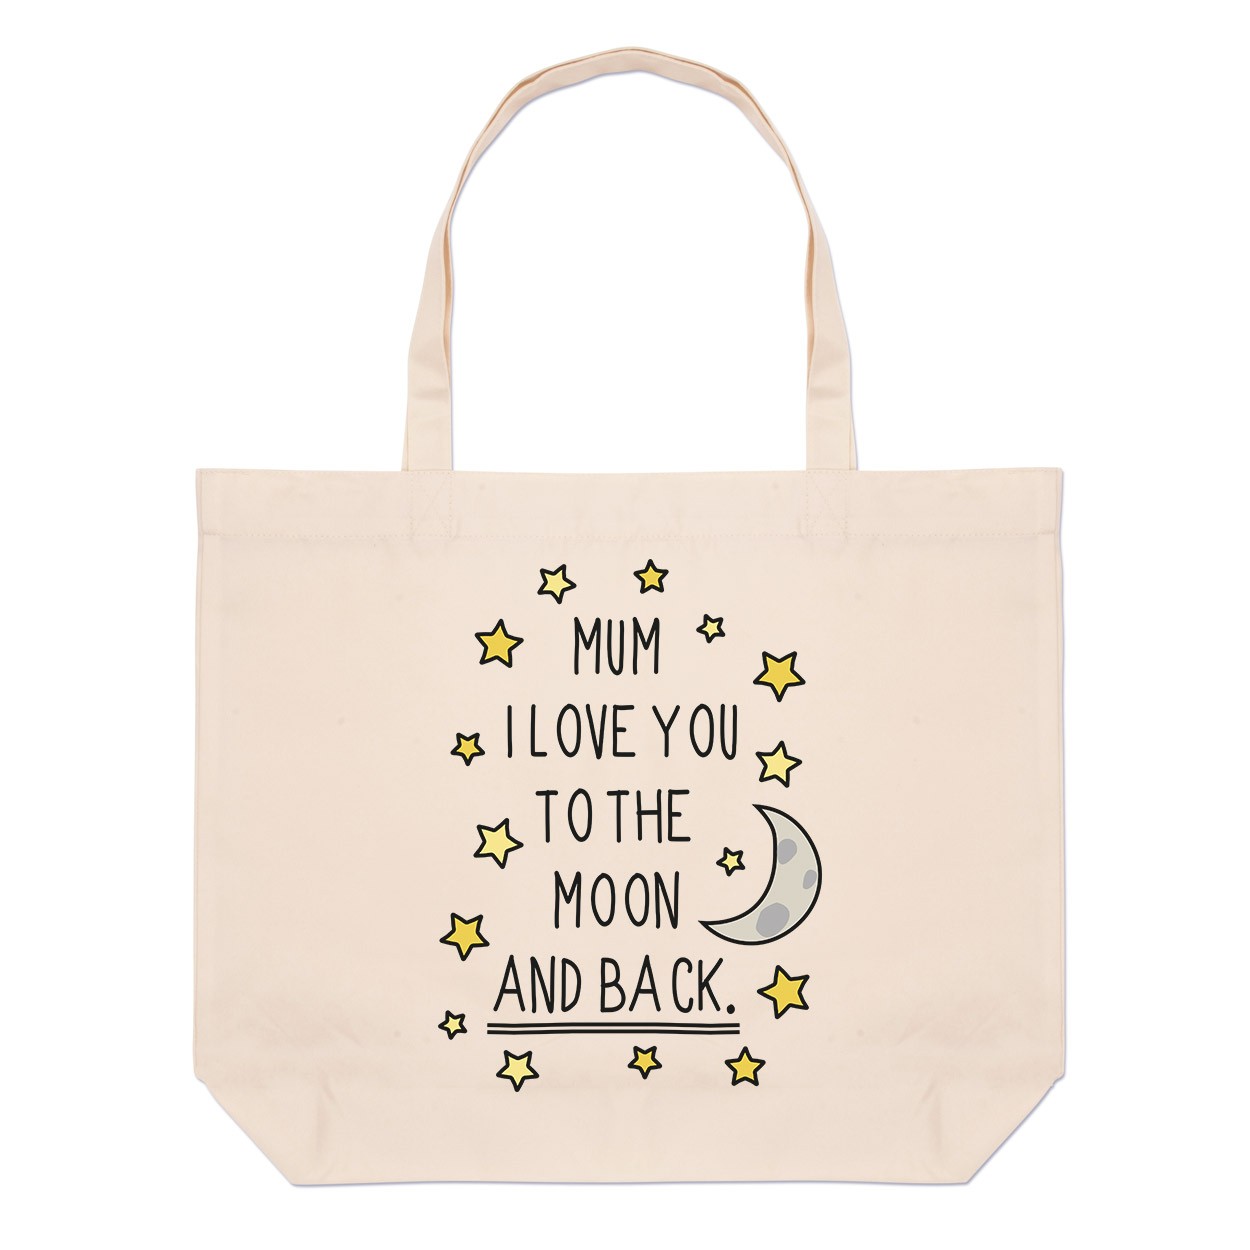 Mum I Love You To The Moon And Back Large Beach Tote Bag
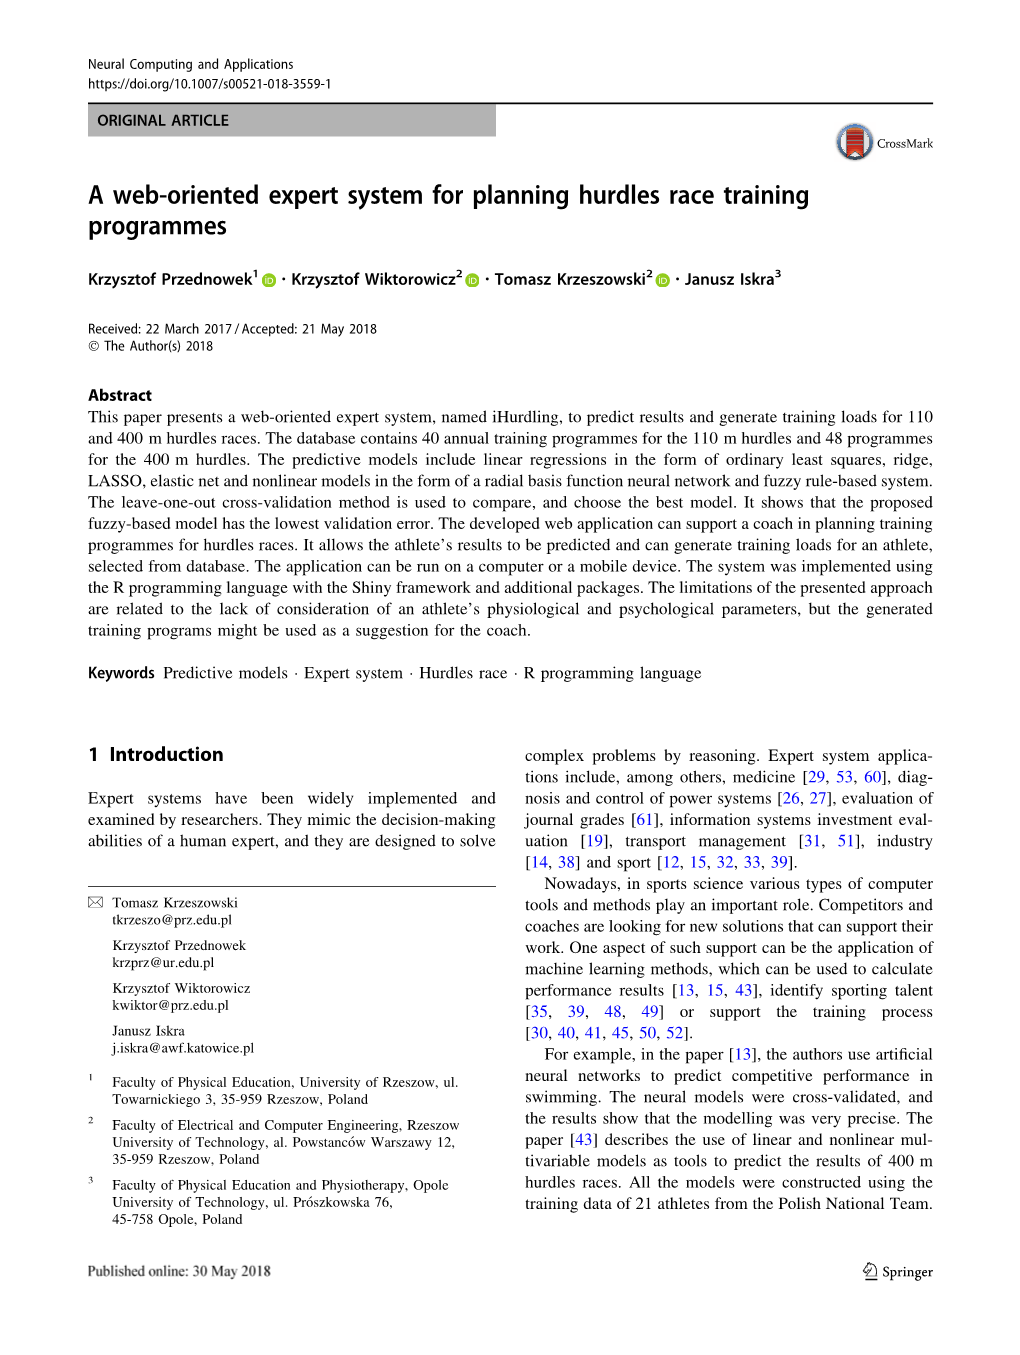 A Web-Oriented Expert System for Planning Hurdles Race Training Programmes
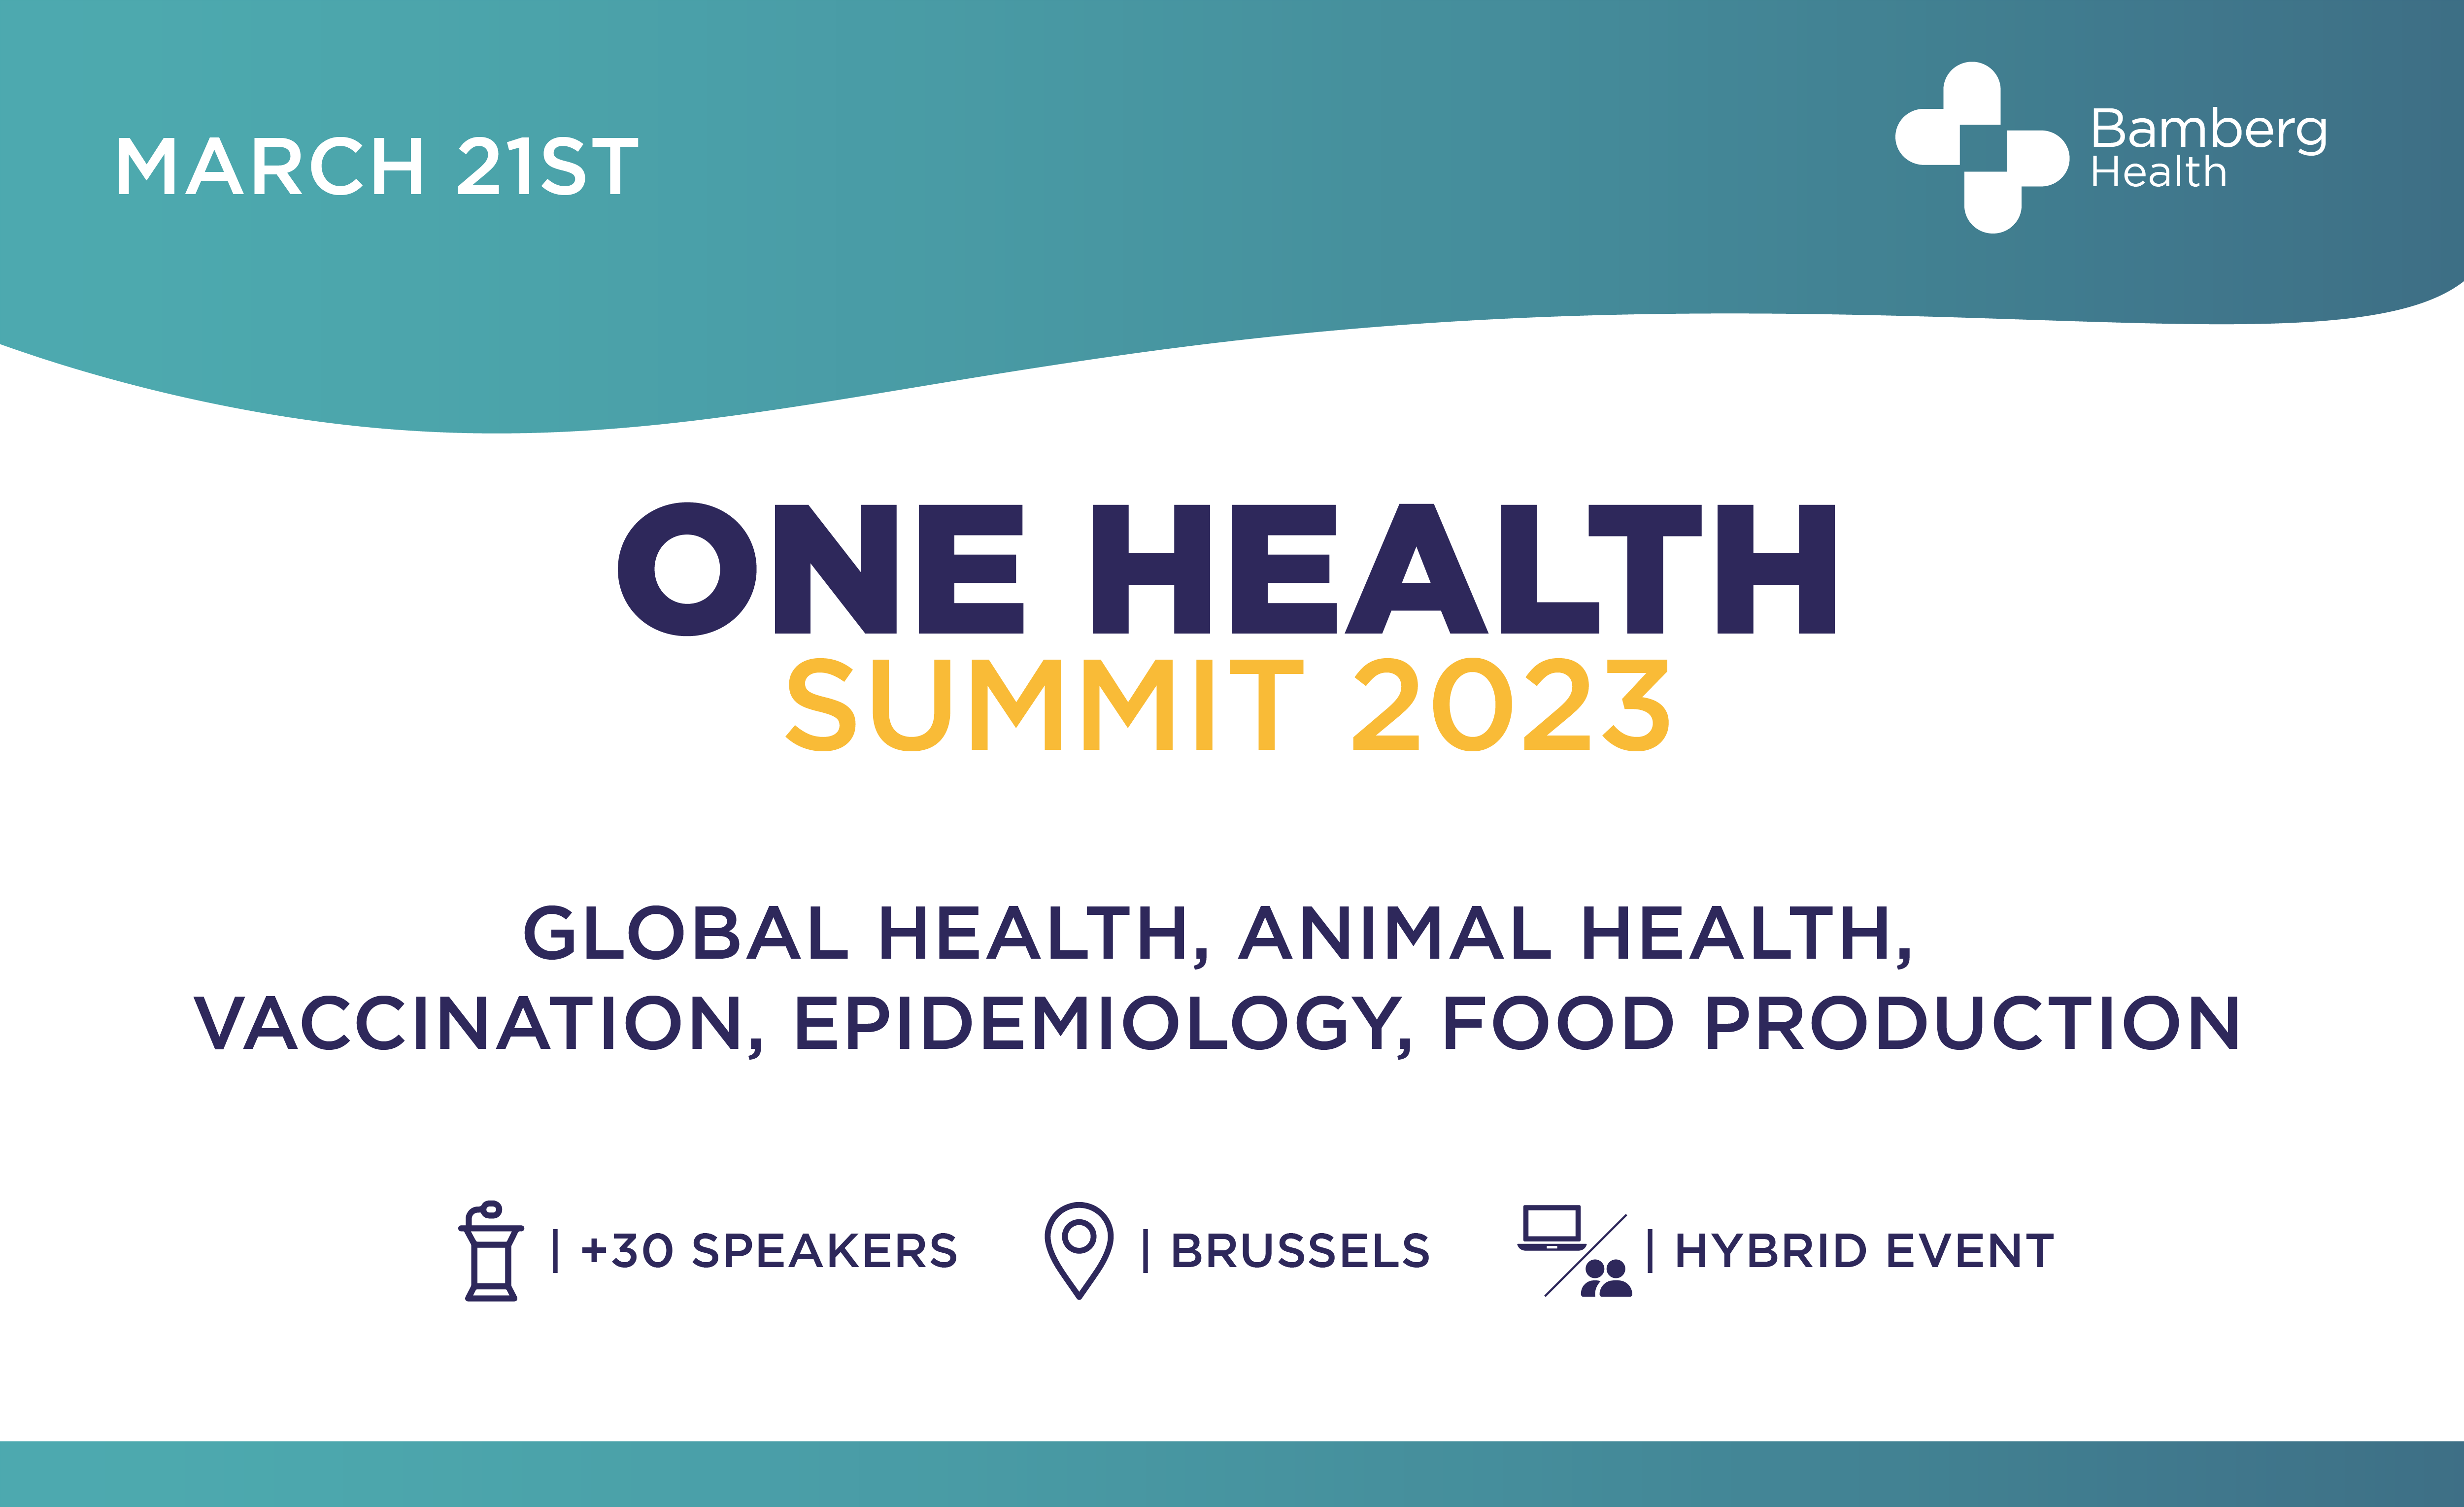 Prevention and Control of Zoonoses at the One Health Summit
┄┄┄┄┄┄┄┄┄┄
TASK GOAL: Every line of the data above should be returned exactly, with the pictures removed.

ANSWER TO THE EXERCISE:
 Mum I Love You To The Moon And Back Large Beach Tote Bag
 A Web-Oriented Expert System for Planning Hurdles Race Training Programmes
 Prevention and Control of Zoonoses at the One Health Summit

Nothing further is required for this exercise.